岩だらけの地表で半径わずか3メートルの場所を狙って着地した、との事。驚くほどの高い精度の着陸をなし遂げ、日本の技術力を証明するとともに、小惑星探査で世界に存在感を示すことが出来た、事は嬉しい。

 吉川真ミッションマネージャは「着陸に成功し、すぐに上昇した。地表の岩石を採取するための弾丸を発射した信号も確認した」と語っていた。

 重力場の3体関係は、数学的には解くことが出来ないことは証明されている。シミュレーションでしかない。繰り返し、繰り返し、根気よく、ひたすら演算を予測したのだろう。ボケ爺も学生時代、この3体問題に挑戦したが、その時は衛星のドッキングの課題だった、の思い出がある。

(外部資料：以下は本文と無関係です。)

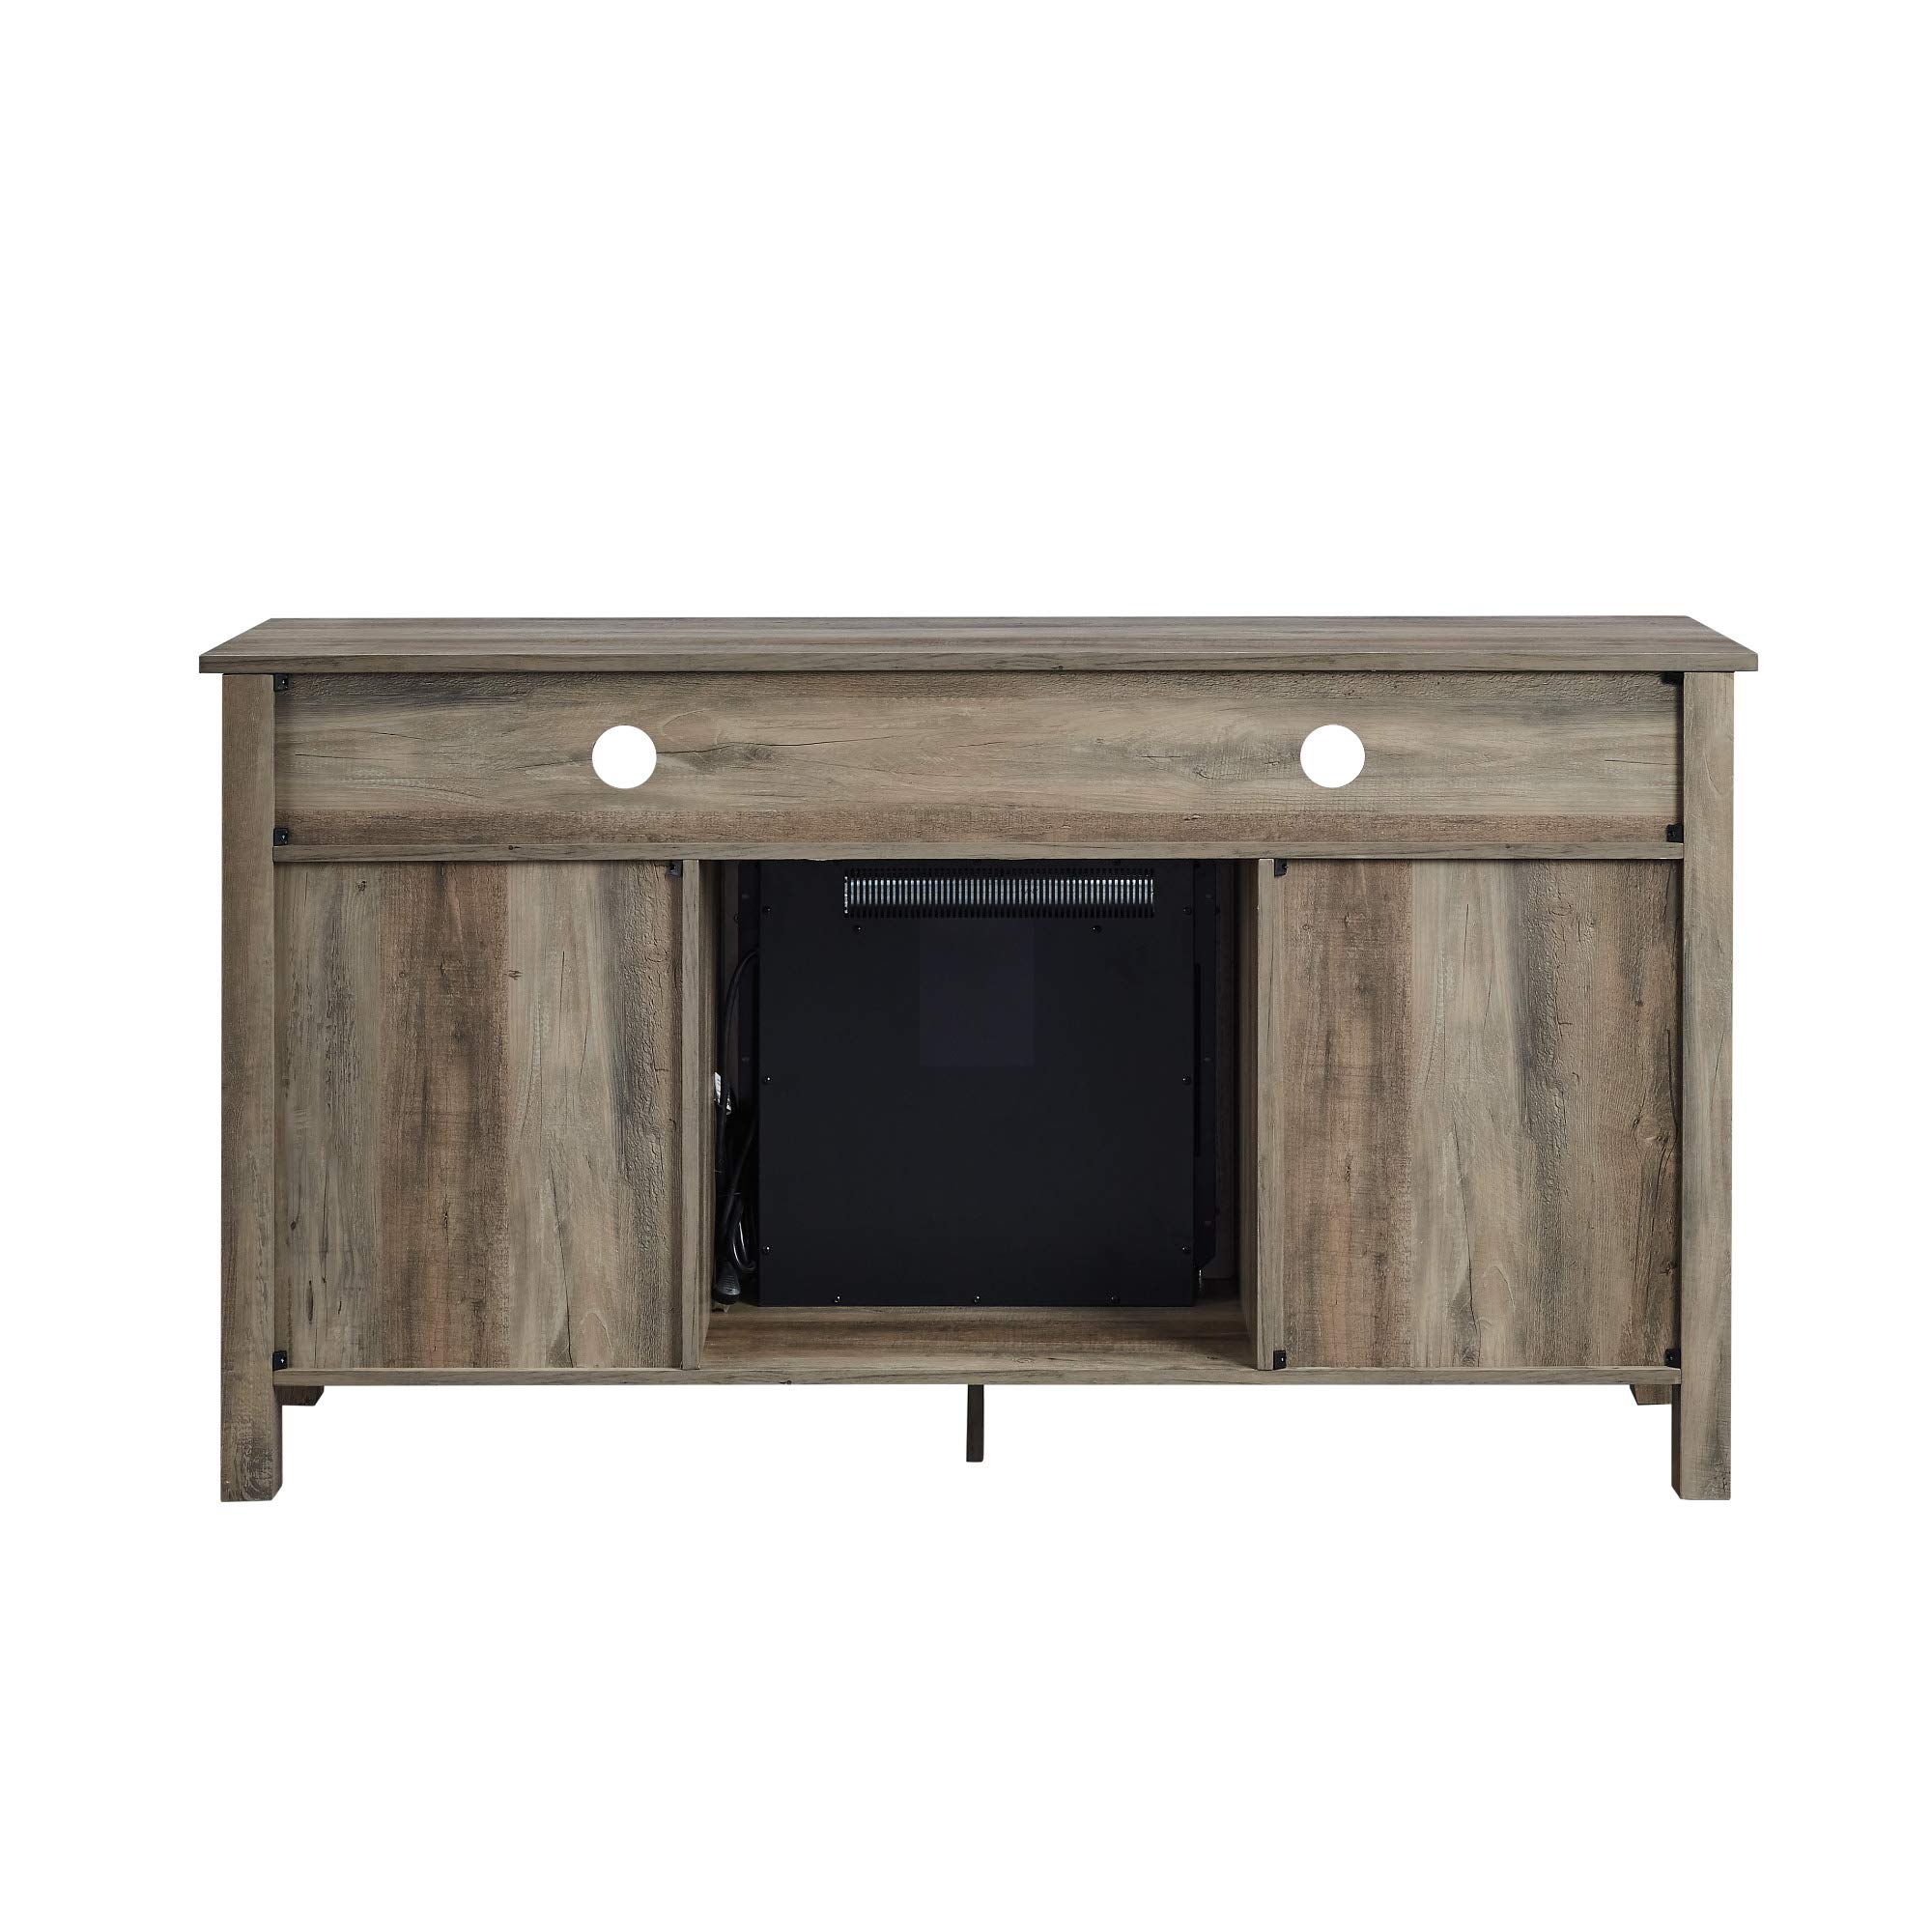 Walker Edison Glenwood Rustic Farmhouse Glass Door Highboy Fireplace TV Stand for TVs up to 65 Inches, 58 Inch, Grey Wash

 小惑星「りゅうぐう」の岩石は太陽系が46億年前に生まれたころの痕跡を残す「タイムカプセル」であるらしい。岩石持ち帰り工程は19年夏までに再び着陸に挑み、20年末までに地球に帰還する。宇宙の成り立ちや生命誕生の謎を探るこれからに期待が膨らむ。再び着陸をすると、今度は失敗しなかと、老婆心ながら心配する。

 約3億キロメートルは通信に20分程度かかるらしい。指令をしても、20分後でないと言う事を聞かない、また、「はやぶさ2」が信号を発しても20分後にしか届かない。制御に遅れが入る。その誤差を縮小にするには、予測のシミュレーションを根気よく繰り返し、精度を高めるしかない。何年もの遠大な時間が流れたはずだ。よくぞ成功したものだ、その根気に、ボケ爺は感心している。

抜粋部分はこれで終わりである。